_Data below_
= = =
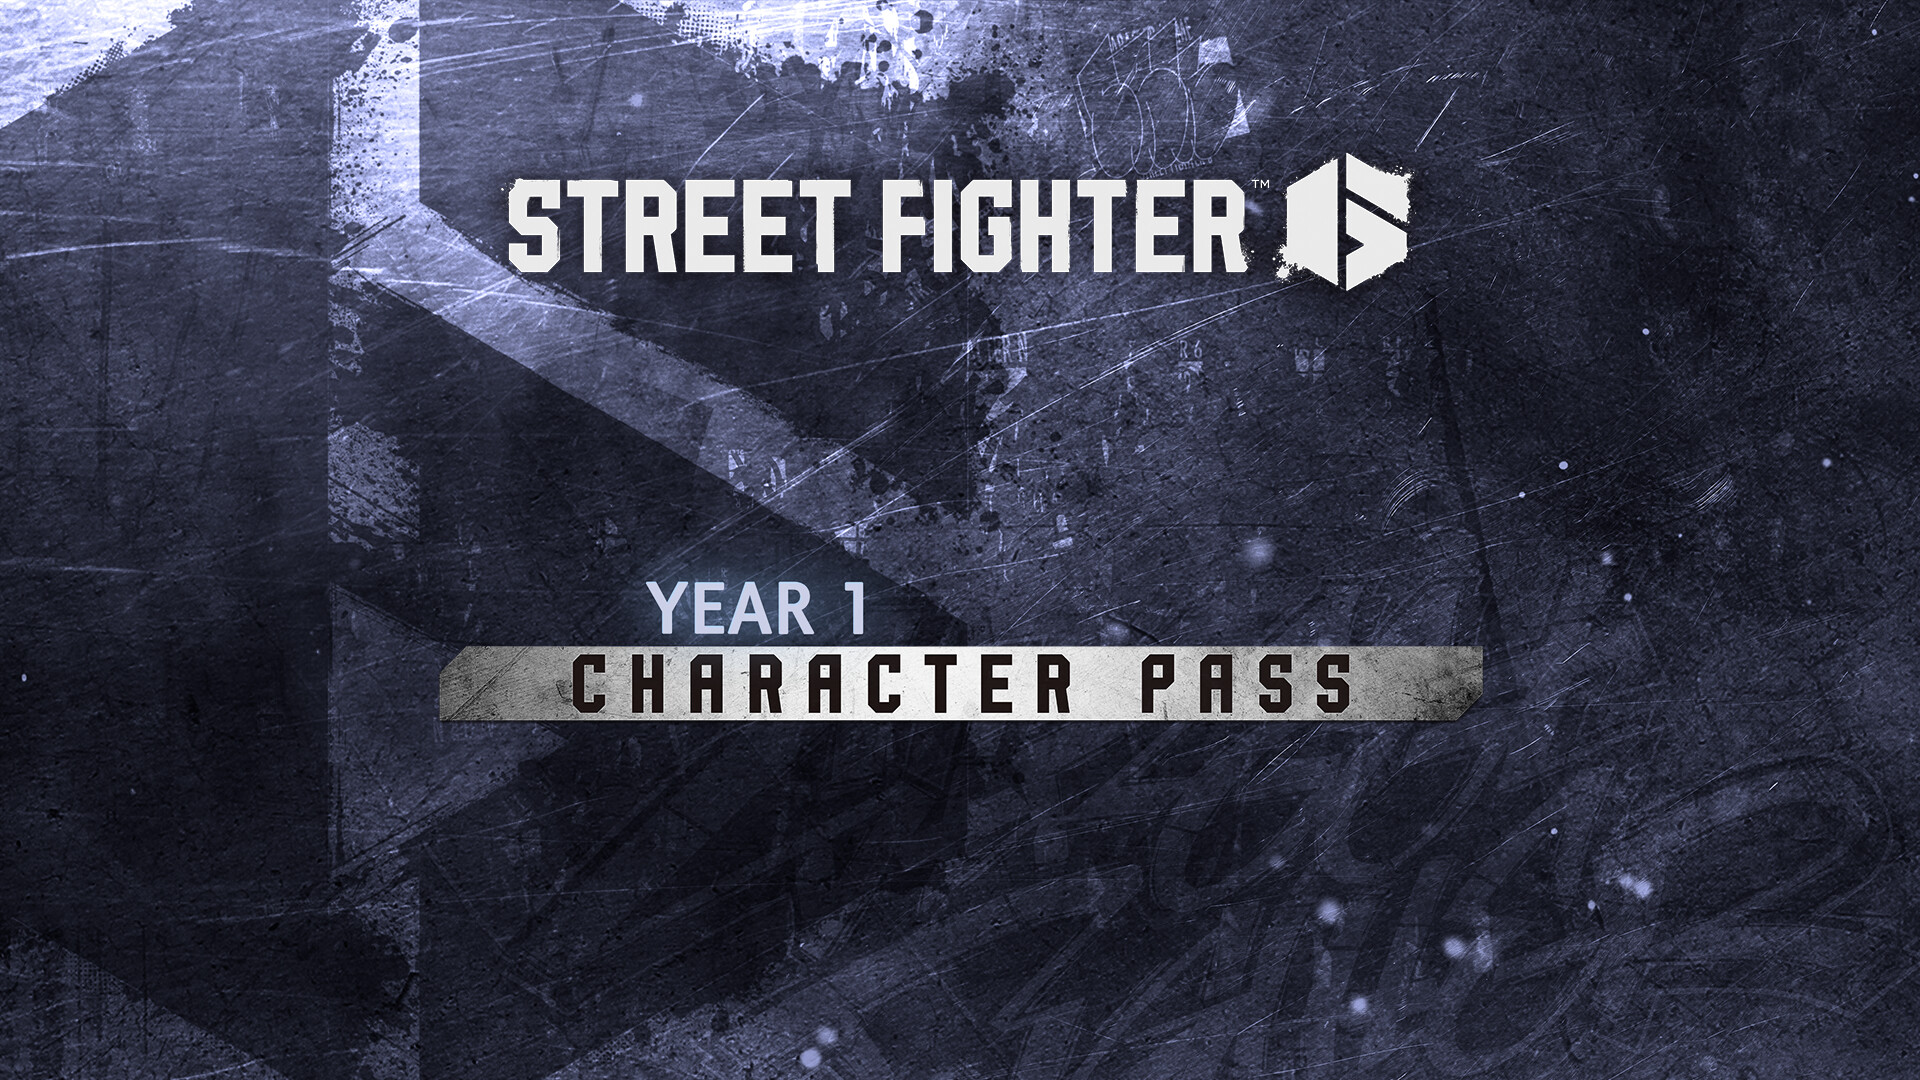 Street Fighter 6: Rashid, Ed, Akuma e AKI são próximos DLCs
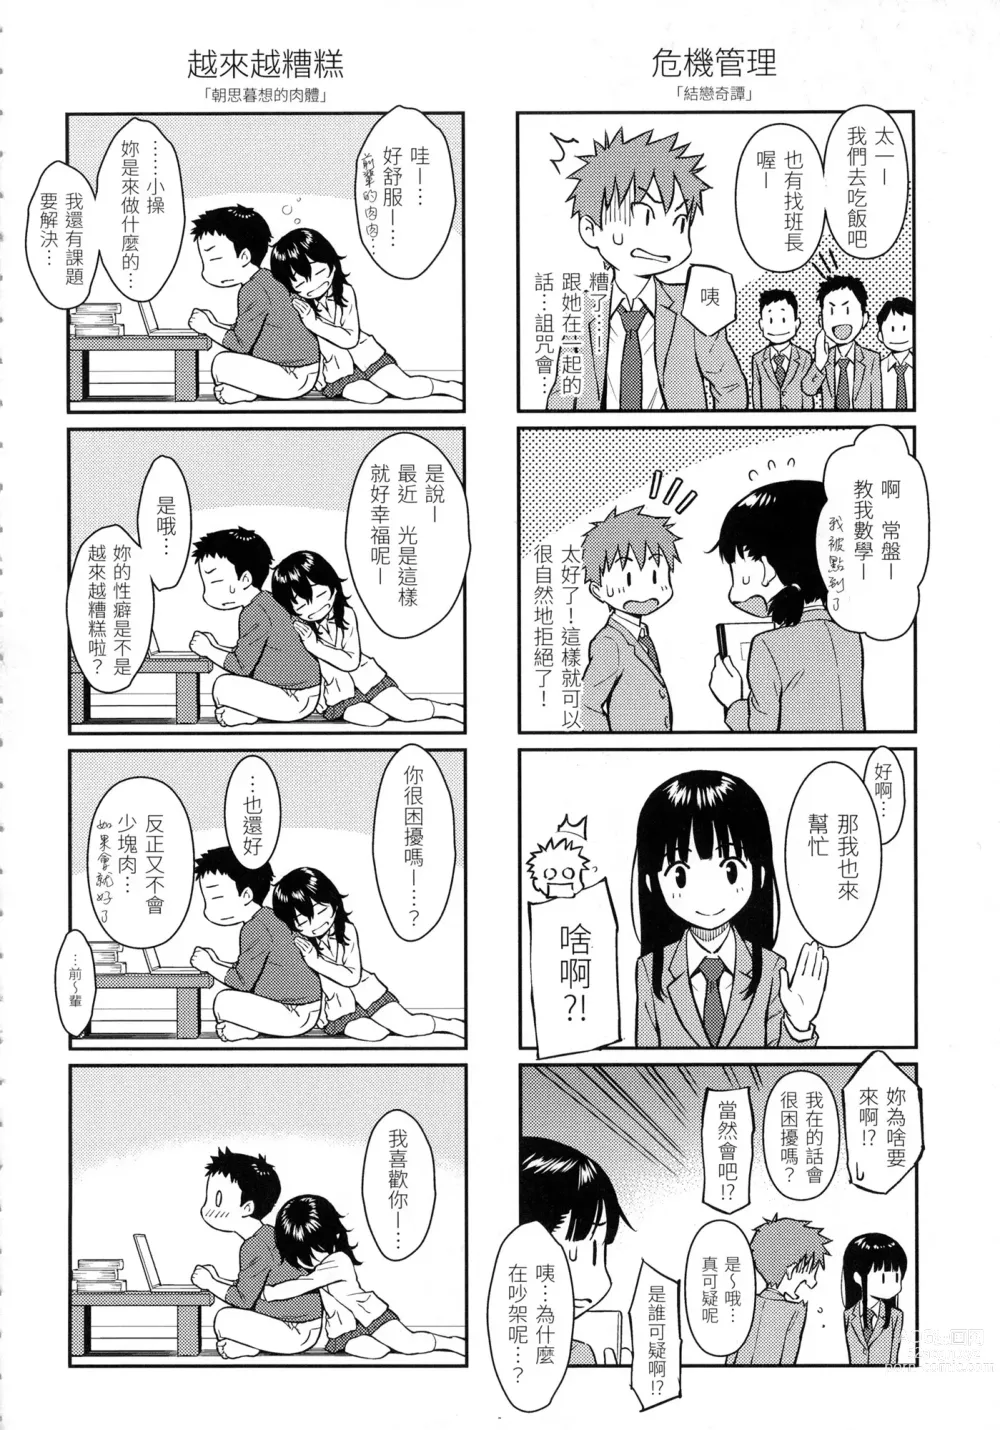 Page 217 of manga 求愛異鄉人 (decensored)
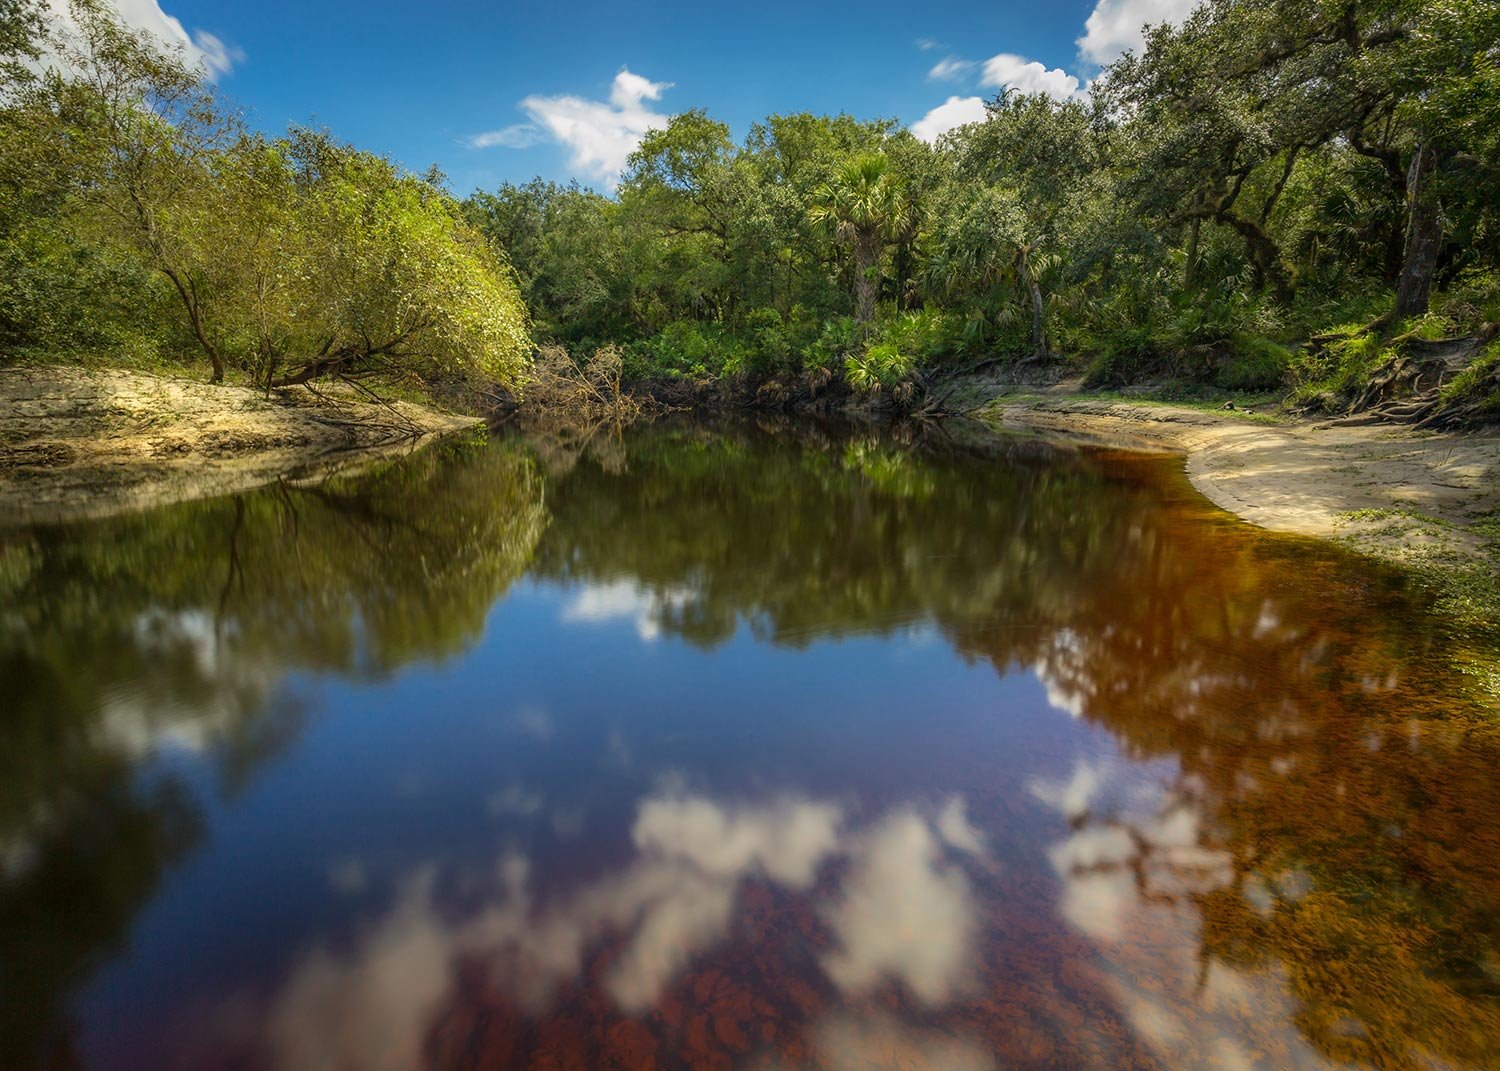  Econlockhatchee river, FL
= = =
_Your objective_
Would you transcribe, exactly and only, the lines from the one that contains "Page 217 of manga 求愛異鄉人 (decensored)" through the last line of the data above, without any pictures?

_Result for this exercise_
 Page 217 of manga 求愛異鄉人 (decensored)
  Econlockhatchee river, FL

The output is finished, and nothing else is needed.